Награда литература
Оргкомитет литературной премии Александра Солженицына вчера объявил имя лауреата 2011 года. Им стала Елена Чуковская "за подвижнический труд по сохранению и изданию богатейшего наследия семьи Чуковских; за отважную помощь отечественной литературе в тяжелые и опасные моменты ее истории". О Елене Чуковской — писатель АНАТОЛИЙ НАЙМАН.
У человека два имени, признанных и подхваченных интеллигентной частью публики. Одно — как у всех, паспортное, с отчеством: Елена Цезаревна. Второе — бывшее домашнее: Люша. Александр Введенский воспел его в прелестной колыбельной: "Тише, люди. Тише. Тише. / Не шумите — Люша спит". В обоих случаях фамилию можно не называть — понятно, что Чуковская. Понятно также, что это внучка Корнея Чуковского и дочь Лидии Корнеевны. Меньше, хотя и достаточно, известно, что ее отец — поэт Цезарь Вольпе, а отчим — физик Матвей Бронштейн, один из легендарной плеяды.
С одной стороны, благородней не бывает: инфанта в семействе духовно-интеллектуальной аристократии. С другой — груз происхождения несколько обременительный. Она кончает школу с золотой медалью, университет, она химик, кандидат наук. Для такой семьи слишком обыкновенно. Да и семья, прибавим, слишком неблагополучная. Отчим был расстрелян на пике террора. Отец при невыясненных обстоятельствах — то ли в лагере, то ли на фронте — пропал в первые дни войны. Мать, начав в молодости ссылкой в Саратов, всю жизнь пробыла в списке неугодных советской власти, исключена из Союза писателей, поносима с трибун. Дед — при всей своей знаменитости, обожании, исходящем от миллионов детей и читающих им "Муху-Цокотуху" родителей, даче в Переделкино, при всем своем литературном и общественном весе — никогда не стал режиму своим, всегда оставался под подозрением.

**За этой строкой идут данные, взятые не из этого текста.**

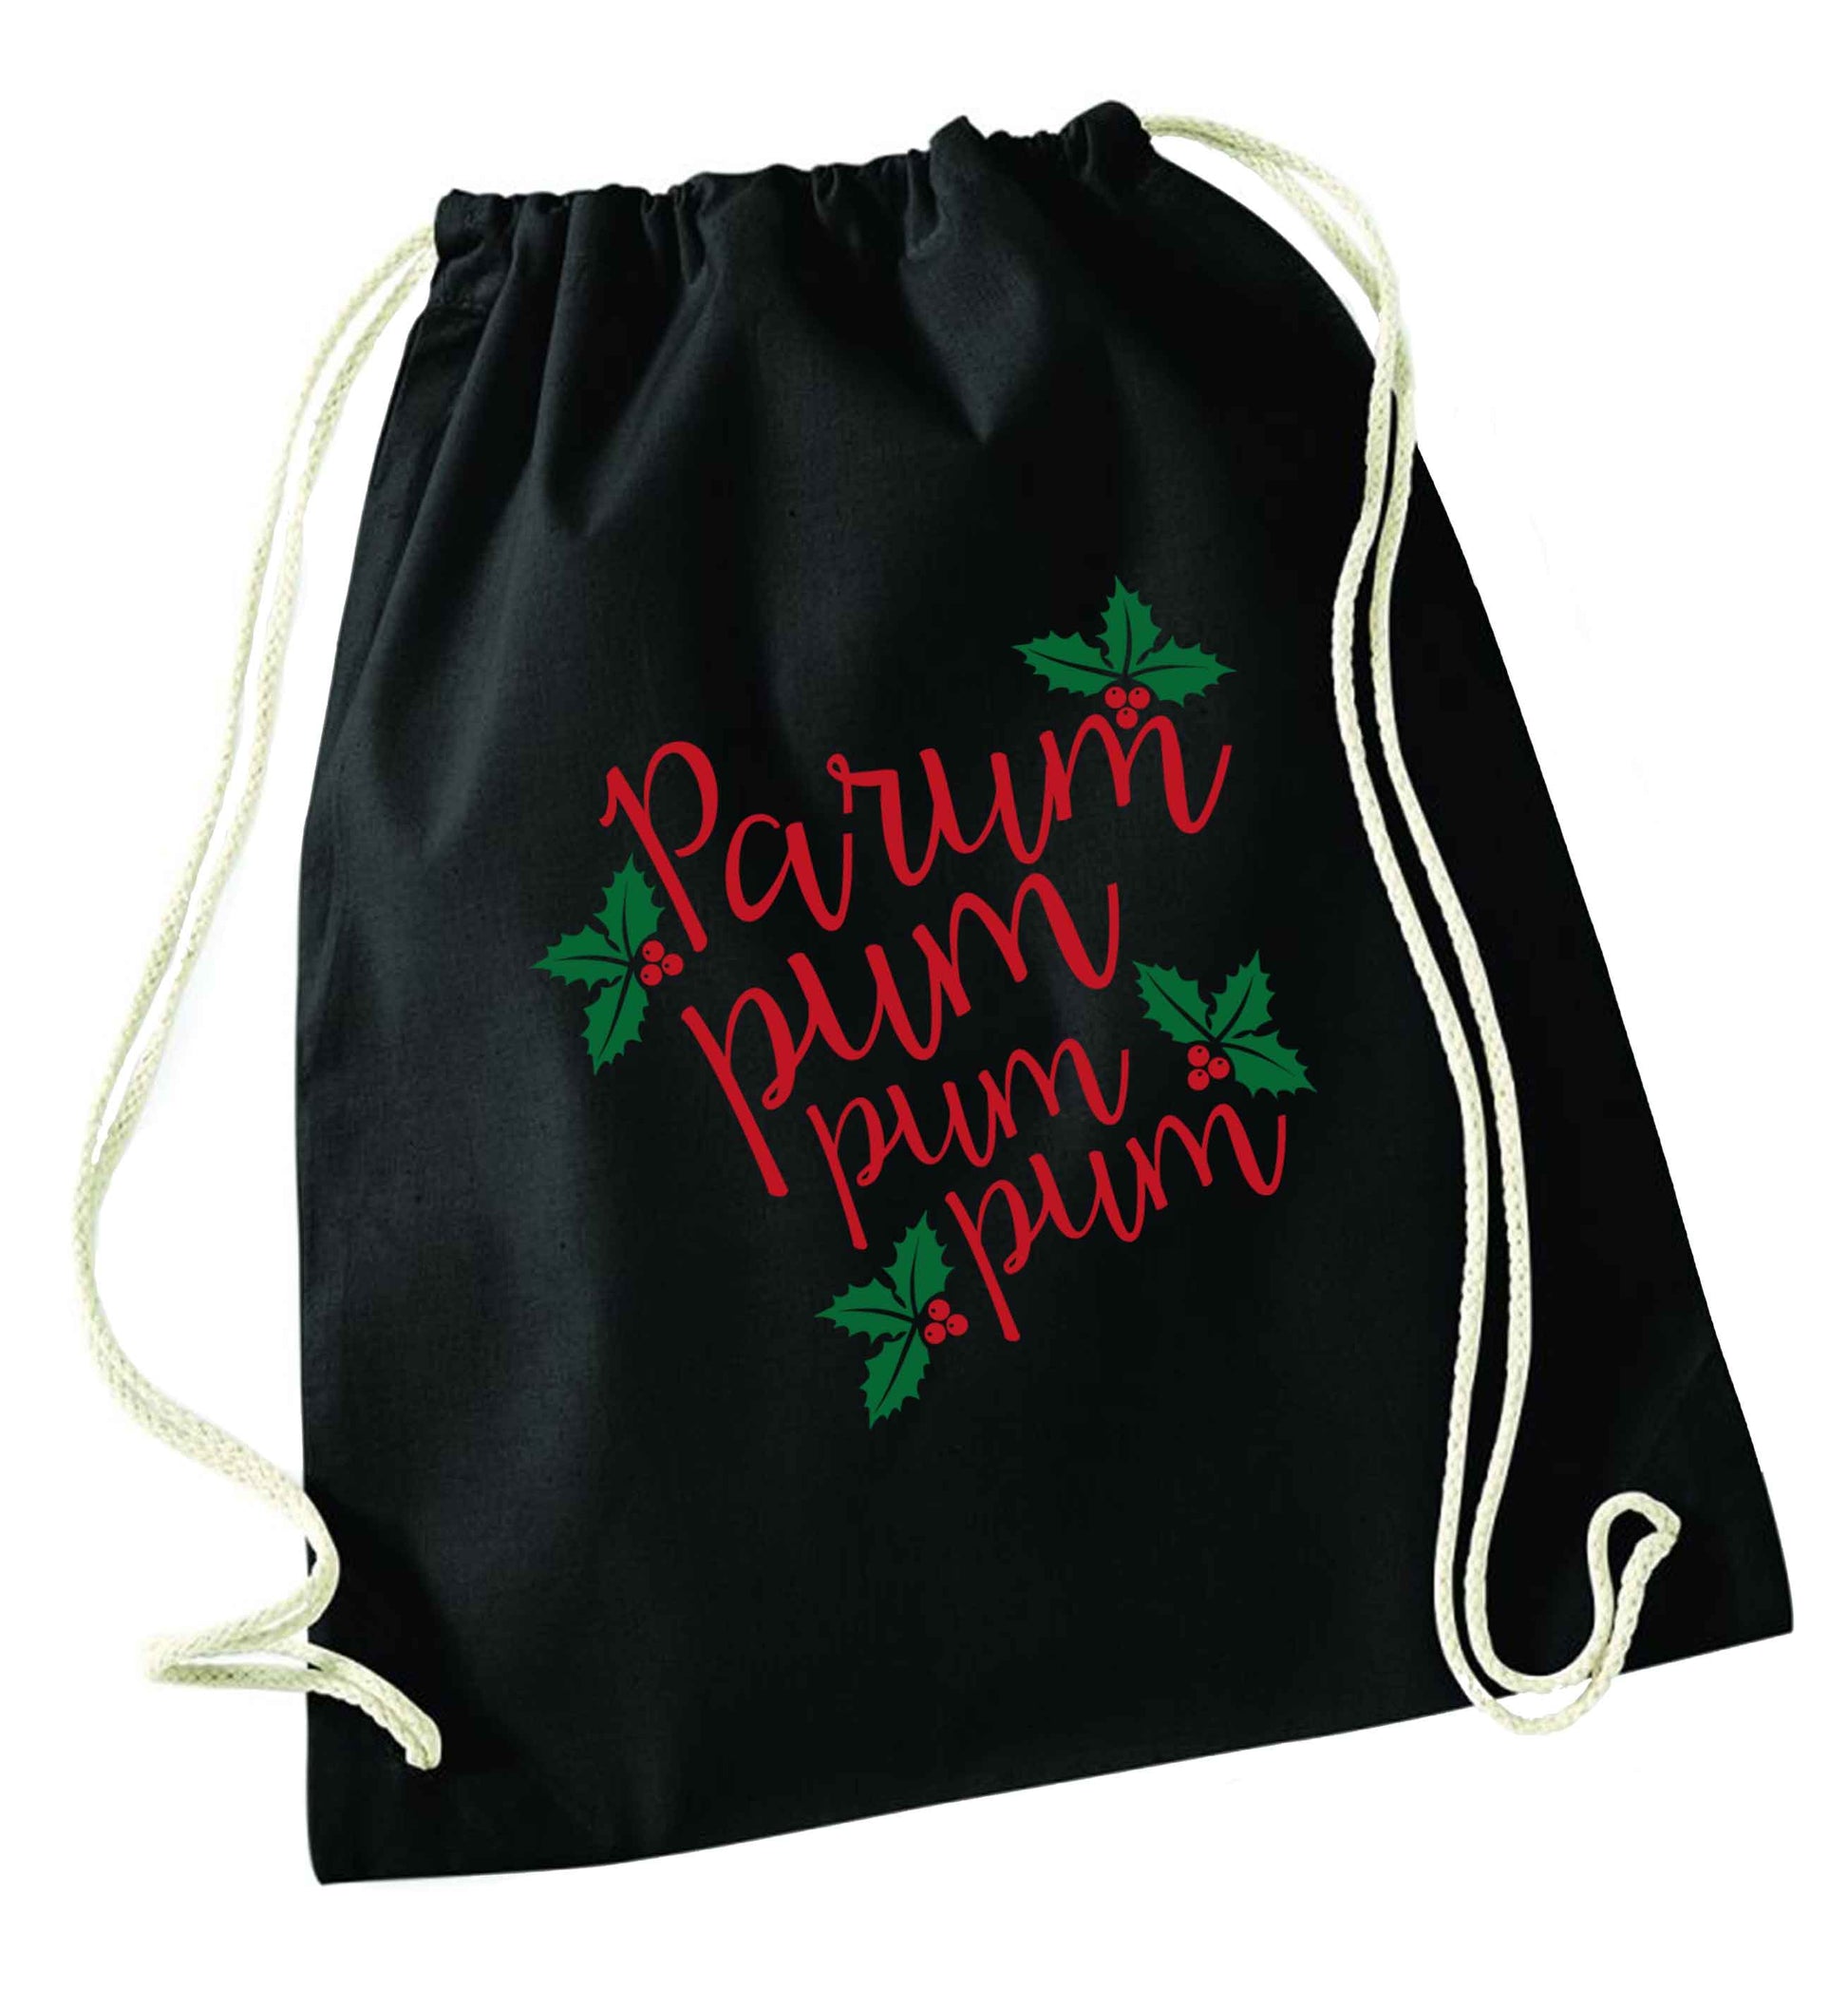 Pa rum pum pum pum black drawstring bag

В день присуждения в 1958-м Нобелевской премии Пастернаку дед и внучка, дружившие и соседствовавшие с поэтом, отправились с букетом цветов поздравить его. Фотография их встречи была напечатана в иностранных газетах и журналах. Один из немногих — кажется, "Лайф" — попал в СССР уже в разгар великого скандала, свирепой ругани и нешуточных угроз, но виновник успел сказать Корнею Ивановичу, что "у Люши на снимке такие чудные ямочки на щеках". В середине 1960-х она сделалась одним из главных помощников Солженицына, жившим какое-то время в их доме, позднее вынужденным вести полулегальное существование. Дело было до крайности опасным, она подверглась нападению в собственном подъезде, попала в подстроенную автокатастрофу, долго лечилась.

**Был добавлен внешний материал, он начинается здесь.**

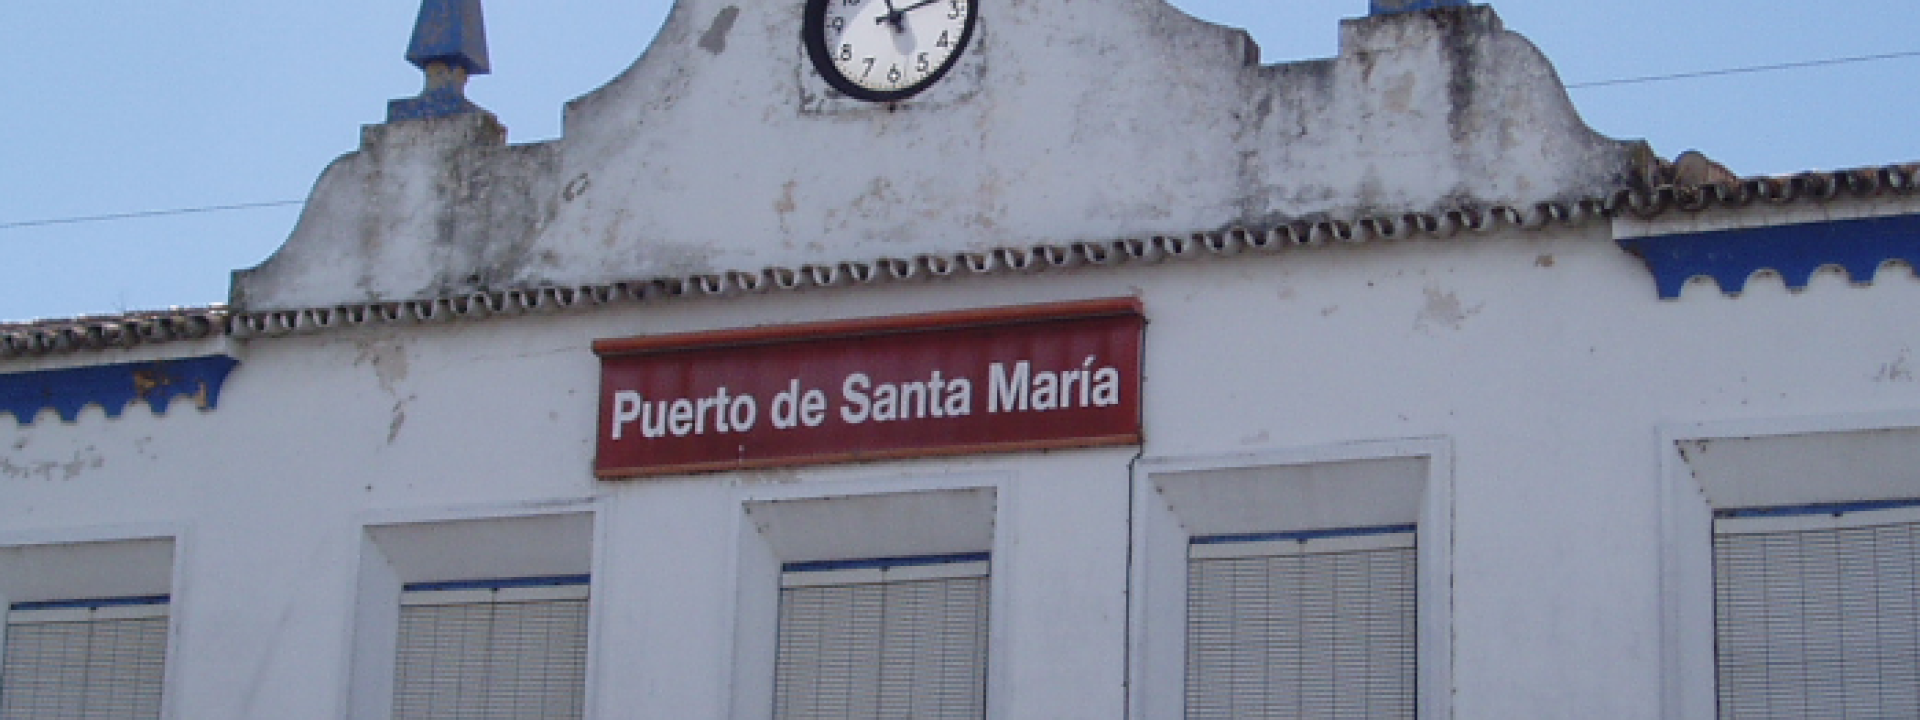 Fachada de la estación del Puerto de Santa María con un reloj en la parte superior y ventanas blancas

Когда умерли в 1969-м дед и в 1996-м мать, весь корпус написанного ими, весь огромный ценнейший архив того и другой остался на ее руках. Привести их в порядок, откомментировать, подготовить к печати нельзя было передоверить никому — тем более что многие стороны и подробности тех или иных сюжетов, биографий, связей знала она одна. Занимаясь рукописями, машинописями, прежними публикациями с основательностью и скрупулезностью, свойственными ее натуре, переданными генетически, воспитанными, она сделалась не только лучшим специалистом в чуковиане, но и отменным филологом вообще.
Жанр похвалы не разработан в России. Она, как правило, начинается с верхнего до, использует превосходные степени, безоглядно разбрасывается словами "величие", "самоотверженность", "подвиг". Так что, когда можно, как в нашем сегодняшнем случае, оставить их непроизнесенными и воздать должное искренне, по делу, испытываешь особенную благодарность к хвалимому. Основания, на которых Елена Чуковская награждается премией, сформулированы безукоризненно точно. Жаль, что к ним не позволено прибавить "и за остроту и взвешенность суждений, усвоенных в кругу семьи".